Dr. Michael Santucci is an audiologist who started working with professional musicians in 1985. A musician himself, he wanted to protect the hearing of his pro clients without sacrificing their ability to hear every part of their music. The fruition of his research and collaboration with pro audio engineers was Sensaphonics, founded in 1992. Dr. Santucci helped to pioneer truly accurate measurement in the ear canal, both based on understanding the physiology and the way sound resonates inside. Sensaphonics uses their proprietary measurement methodology to tune for a more natural sounding earphone. They have been using silicone shells exclusively since 1998--that's 14 years of experience--using the extra isolation to get the maximum sound quality from the most essential design.
Why haven’t I read more reviews of Sensaphonics’ custom iems?
Because Sensaphonics is focused on the pro audio market, they don’t give free samples out to audiophile reviewers. There’s your answer. It says something about how the audiophile market works. In any case, I can say the 3MAX will definitely be worth it for those audiophiles and professionals who like what they read below.
Customer service:
One of the under-emphasized keys to choosing a custom iem is the customer service. It’s worth it to go with a company who takes care of you in the event something goes wrong and I’m happy to say Sensaphonics has been excellent. The number one issue with custom iems is the fit. A ciem is made just for your ears and a bad fit means you won’t get the sound, the comfort, the isolation you want. So, make an investment first and foremost in the best audiologist you can find. Your audiologist absolutely must have experience in making molds for musicians, not only hearing aids. Sensaphonics has a very useful set of instructions on their website you should print out for you and your audiologist to follow. They can also help you find the best audiologist in your area. You'll be happy you did.
The Sensaphonics 3MAX:  
First things first: It's $1050 ordered directly from Sensaphonics.com
Now, let’s start with some pictures:

The hard Pelican case the 3MAX comes in is very nice.
You get a soft carrying pouch, a cleaning tool and 1/4" adapter as well.

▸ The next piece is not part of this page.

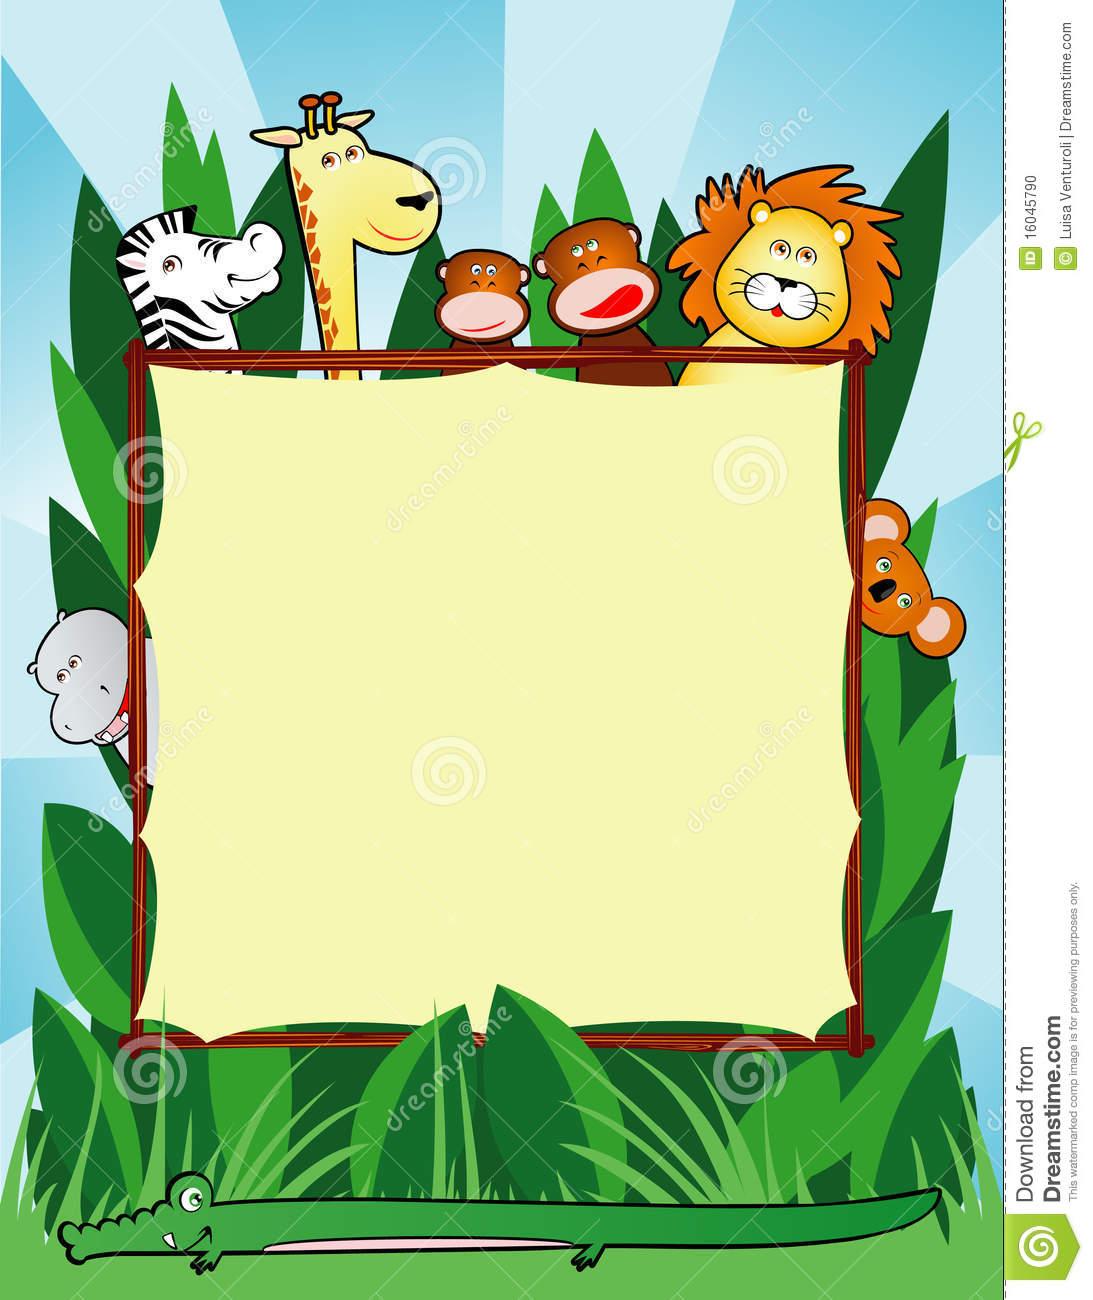 1093x1300 Wallpaper Clipart Jungle Animal
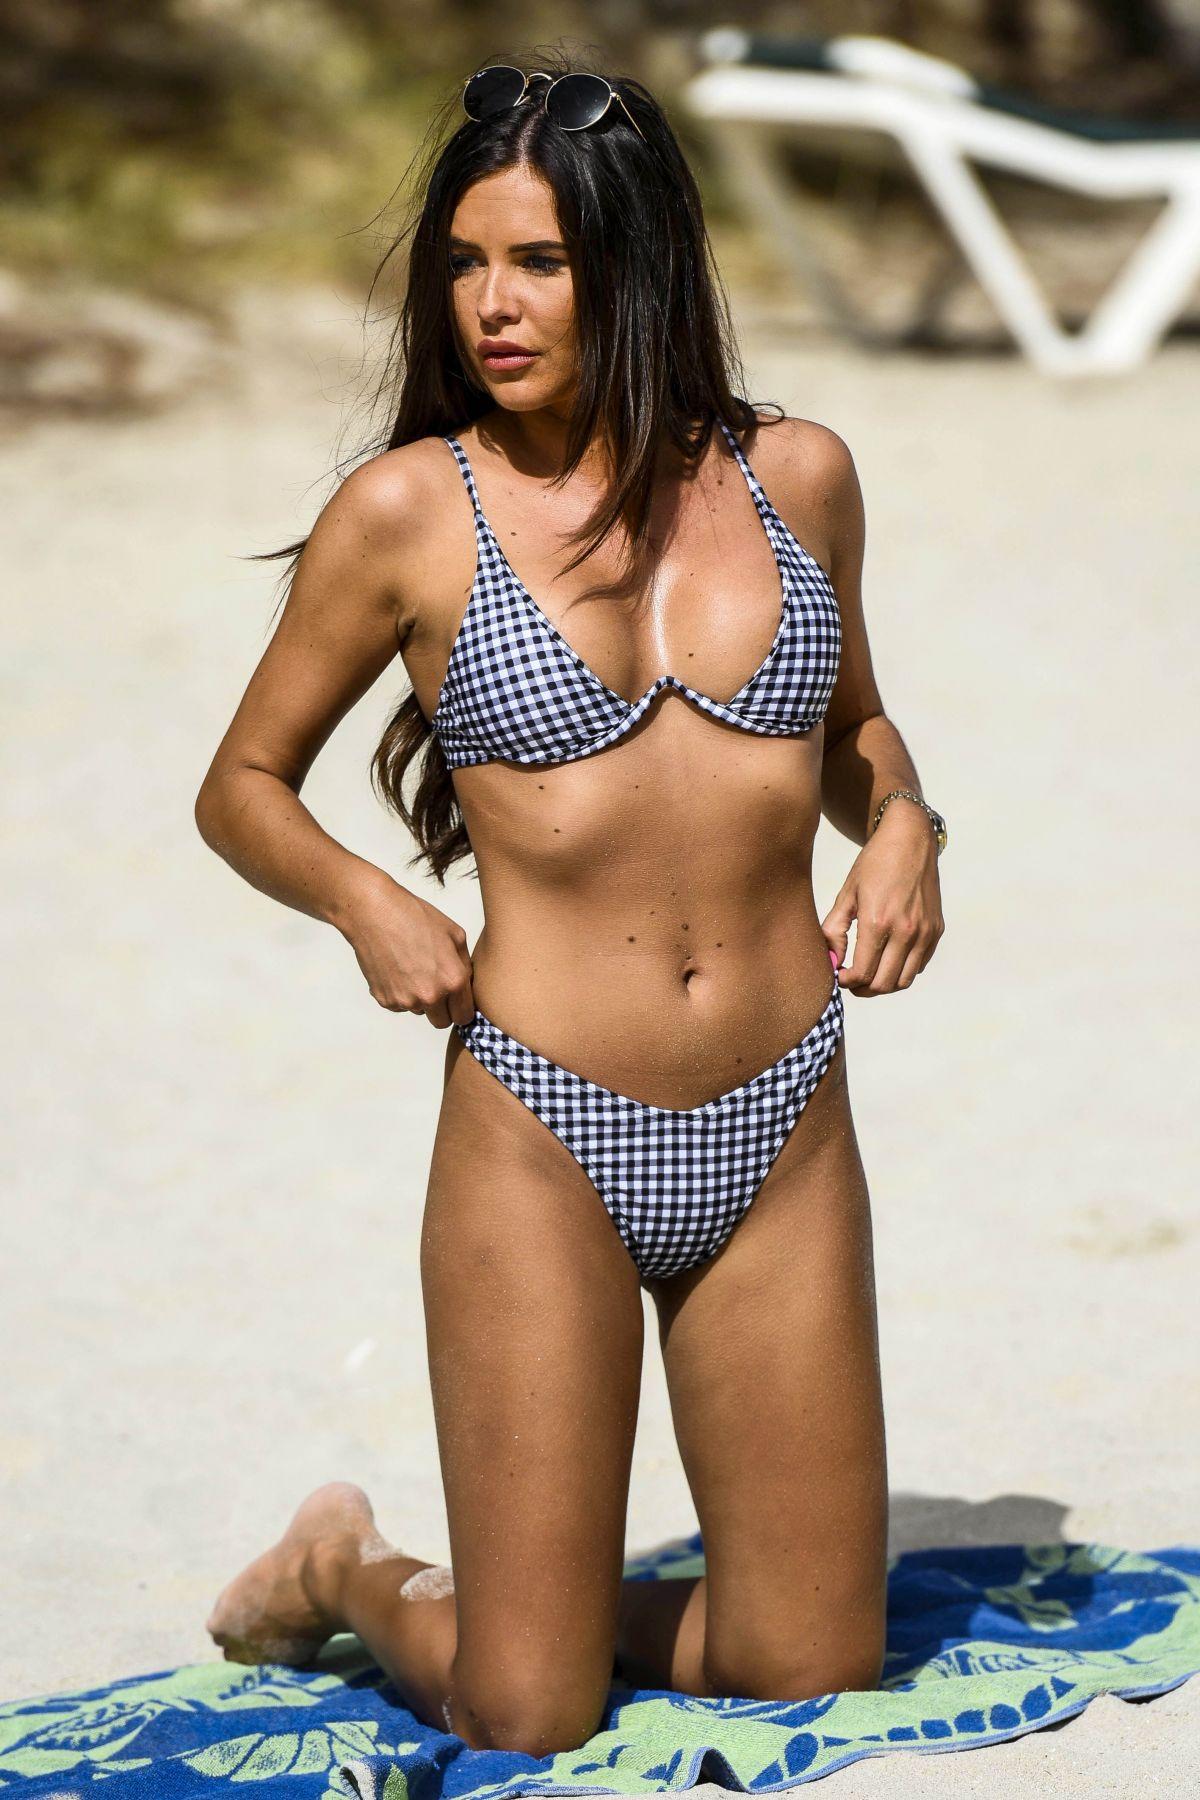 Bikini Clelia Theodorou nude (83 photo), Sexy, Cleavage, Twitter, panties 2017

The pictures don't do it justice. The 3MAX looks incredible in-ear.
The Silicone Shell:
These are special. I’ve had several different silicone custom-fit ear-sleeves for my iems. Some were better than others, but the Sensaphonics custom shell is the best. While silicone is often a little cumbersome to put in and take out, these fit right in the ear about as easily as an acrylic shell for me. They are marked left and right for easily identification and they come in a number of colors. I got them in clear. The silicone has an anti-UV protection so they won't change color over time.
Compared to my custom iems with a standard hard acrylic shell, the Sensaphonics silicones are a big step up in isolation. As for comfort, I’d say silicone is much easier to achieve a comfortable fit with. My acrylics are very comfortable, but only after a long process of several fitting adjustments.
The Cable:
The weakest point on any ciem is the cable and its attachments. Sensaphonics just upgraded their cable. It’s 48in at standard length and very sturdy, moreso than the usual stock ciem cables.  With a fully detachable design that snaps into place with a satisfying click, the Sensaphonics cable system is a better design than that of most custom iems. However, it’s not quite as easy to coil the Sensaphonics cable. Overall, it’s a good wearable cable that seems very reliable. Update: The new cable is now pictured below. Everything I've said is true for the new clear cable, it's more wearable than the older black cable and it won't turn green (oxidize) like other clear stock cables! It's slightly slimmer and more easy to coil while still having superior durability.

Old Cable

New Cable! A shirt clip which fits this cable now comes included.
It won't turn green (oxidize) over time.

The Design:
The 3MAX has three balanced armatures, with a two-way crossover system. The advantage to this system is that it’s a lot easier to tune properly. Combined with the superior isolation of a silicone shell, the 3MAX manages to sound more natural than a lot of other custom iems.
The Sound:
One of the most interesting things about Sensaphonics is how they tuned their custom iems. Rather than presenting pro audio clients with a finished product and making a few adjustments based on feedback, Sensaphonics went for a more client-driven sound. They tried many different tunings based on their research and then let the pro musicians and audio engineers come back with what they liked and wanted to hear. The result was a sound shaped to a much greater degree by what musicians themselves felt sounded the best on stage.
Before I describe that sound, I’d like to mention here that I’ve listened mostly out of an ipod 5.5th generation amped by an Apex Glacier. The 3MAX sounds very good straight out of an ipod and it’s the easiest to drive custom iem I’ve heard. However, portable amps like the Glacier are very thin and small… So, to paraphrase an audiophile: Why buy a Ferrari and then insist that you are only going to put the cheapest gas in it? The 3MAX (and every other custom iem I’ve heard) sounds better when my ipod is amped. I’d recommend that for any ciem as they scale up when given a better set-up.
Much of my listening was among the noisy crowds and roaring trains of the NYC subway, so I got a chance to see how the 3MAX did in loud conditions as well as quiet ones.
Note: I paid for this Sensaphonics 3MAX.
The 3MAX was tuned to have a natural sound that you could enjoy without cranking the volume and it succeeds completely at this. The 3MAX’s three balanced armatures have been tuned superbly and the result is very similar to a high end dynamic driver earphone in how natural it sounds. The timbre—the accurate reproduction of all the subtle resonances that make instruments and voices sound true-to-life—is the best I’ve heard from a balanced armature based ciem. For example, cymbals, which can be quite difficult for an earphone to get right, sound great on the 3MAX. The extension in the treble and bass are well done as well.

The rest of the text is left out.